これにより、企業は自社株買いや株主還元の強化など、宝のありか(企業価値)を分かりやすく示すようになりました。これは、価値ある企業を発掘したいクジラたちにとっては絶好のチャンスです。 -
円安という追い風
長引く円安は、海外のクジラたちにとって日本の魅力的な企業の株が「バーゲンセール」に見える効果があります。
同じ1ドルでもより多くの円が手に入るため、日本の資産を買いやすくなっているのです。
この二つの大きな追い風が、クジラたちを日本の海へと引き寄せています。彼らの動きをただ後追いするのではなく、その行動パターンを学び、潮目を先読みすることが、この航海の成功の鍵となるでしょう。
🐋 クジラの痕跡を発見する――公開情報という名の痕跡
ホエールウォッチングの第一歩は、クジラがどこに現れたかを知ることから始まります。幸いなことに、彼らは公的な「痕跡」を残してくれます。
クジラ発見の第一報! (大量保有報告書)
「5%ルール」という言葉を聞いたことがあるでしょうか。
これは、ある投資家が上場企業の株を5%以上保有した際に、5営業日以内に金融庁の「EDINET」というサイトで報告しなければならない、という決まりです。

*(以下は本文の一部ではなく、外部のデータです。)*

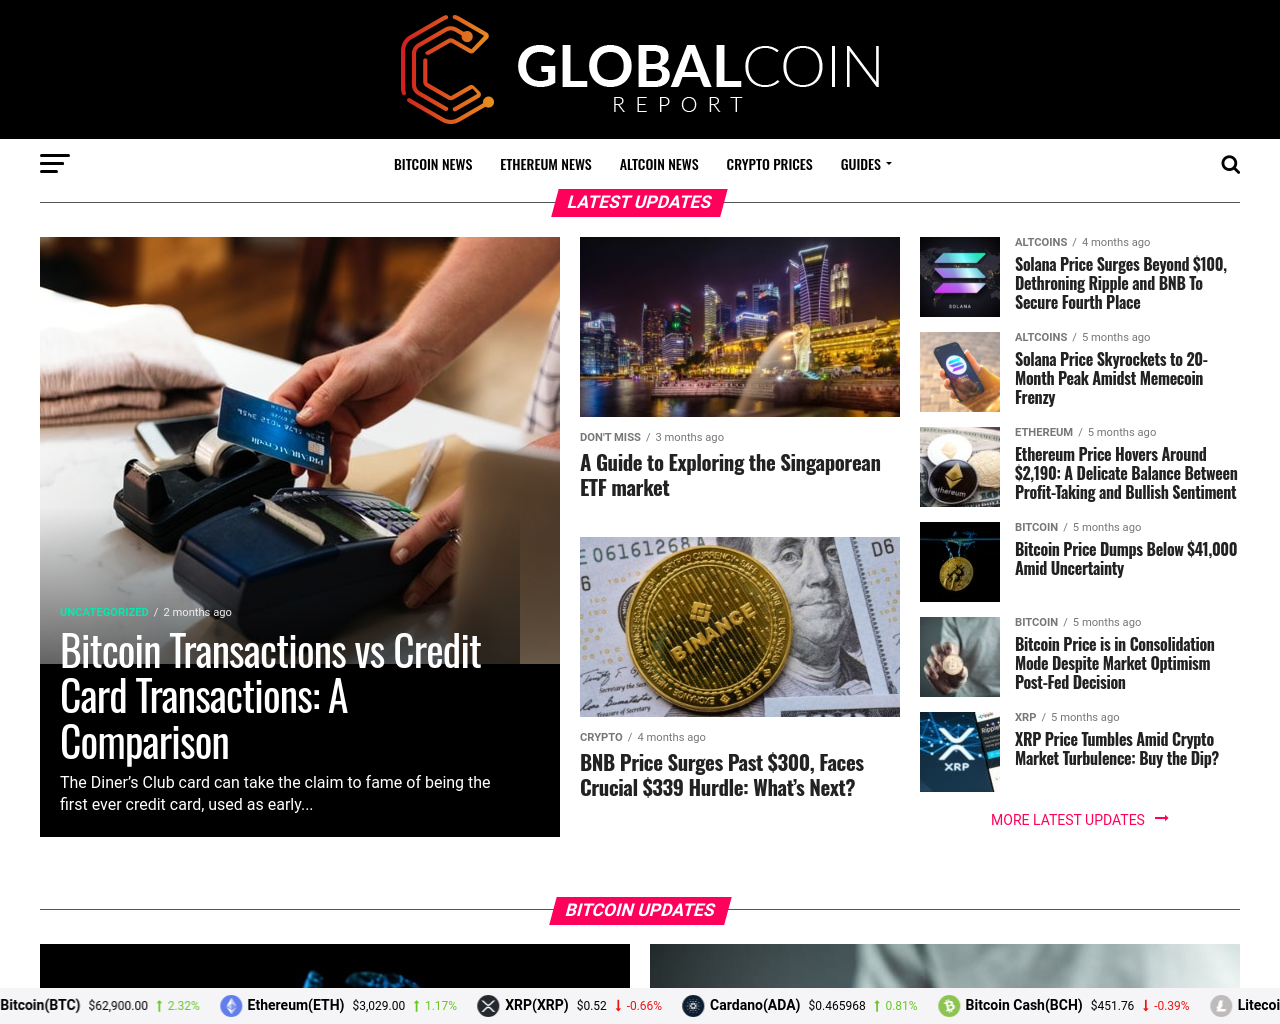 globalcoinreport.com
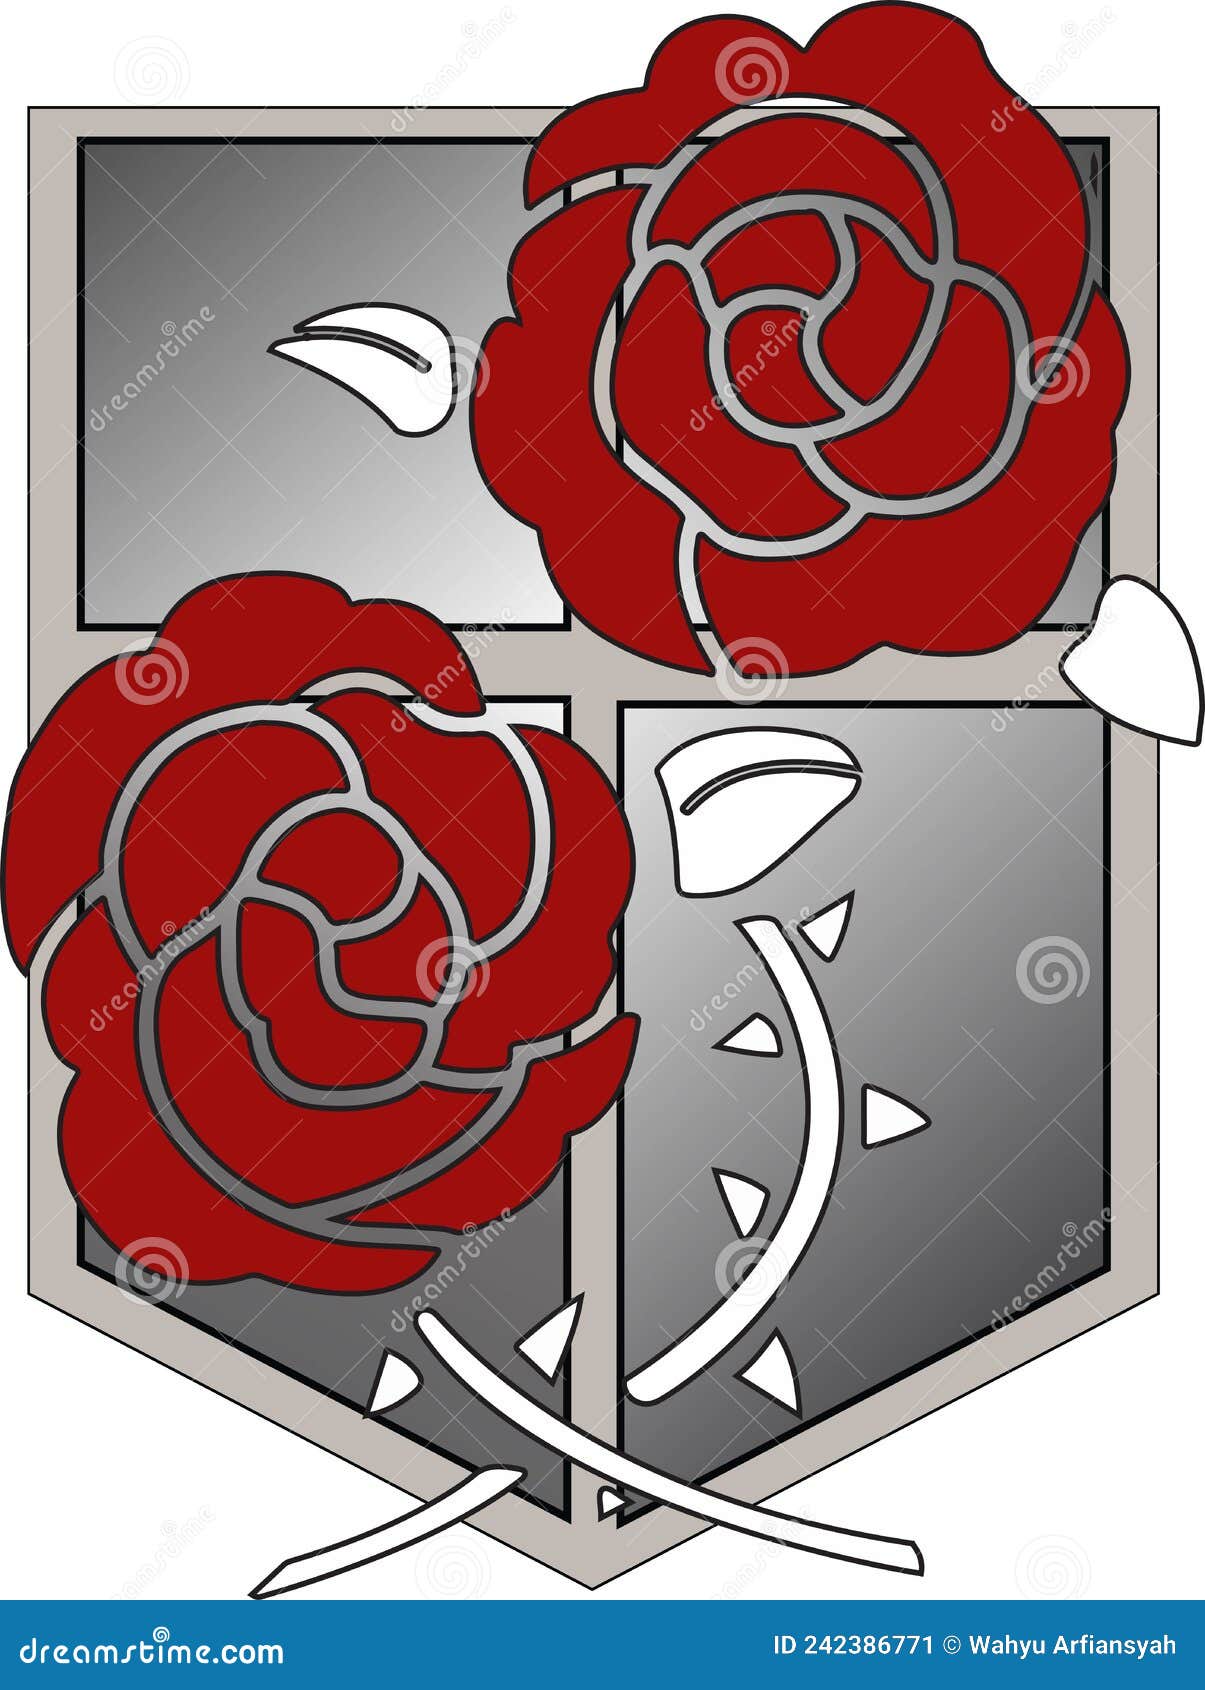 skjorte dump jeg er træt Shield Logo with Red Rose Flower with Stem. Stock Illustration -  Illustration of attack, titan: 242386771
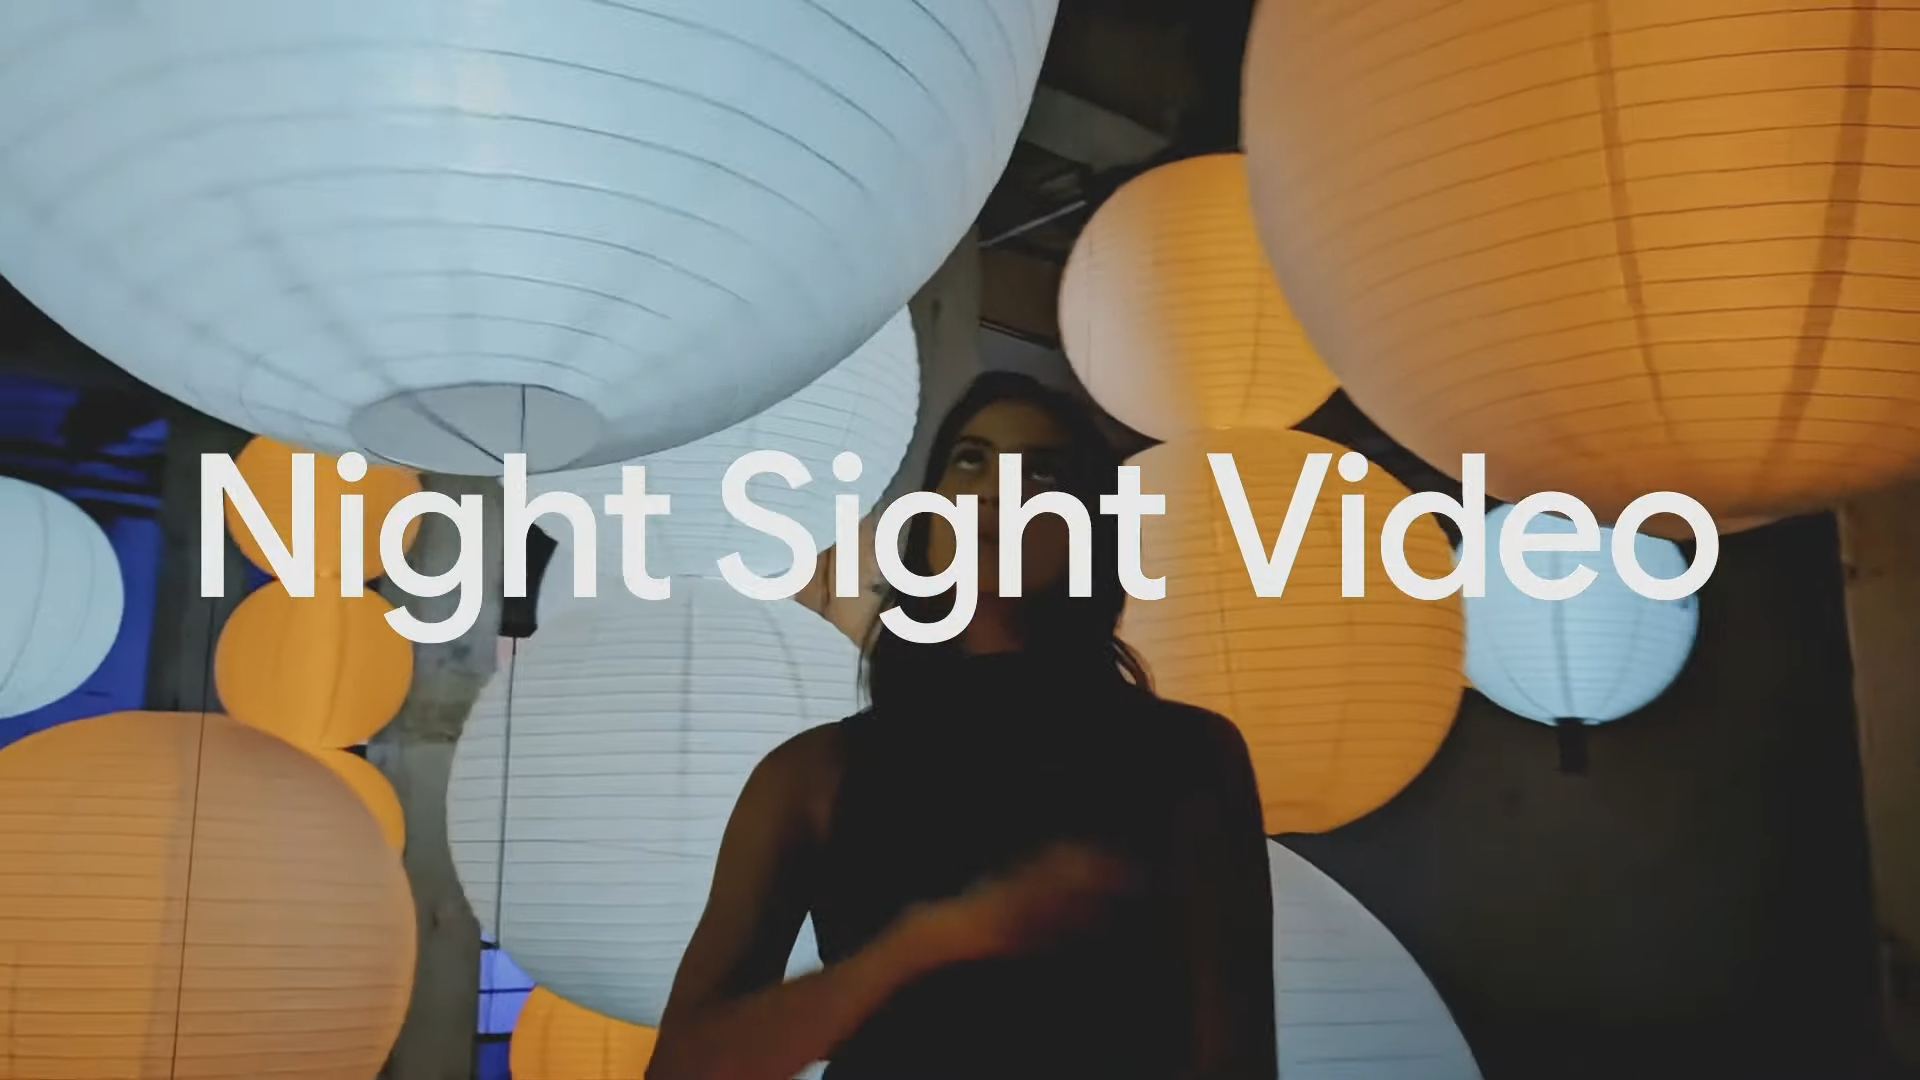 Le Pixel 8 Pro passe à la vidéo Night Sight dans le cadre de la nouvelle suite de fonctions de caméra améliorées par l'IA de Google

これが私たちにとって「この海域にクジラが現れたぞ!」という最初の公式な知らせになります。
本当に重要なのは「変更報告書」
5%報告で満足してはいけません。
ウォッチングの醍醐味は、その後の「変更報告書」にあります。保有割合が1%以上増えたり減ったりした場合、彼らは再び報告書を提出する義務があります。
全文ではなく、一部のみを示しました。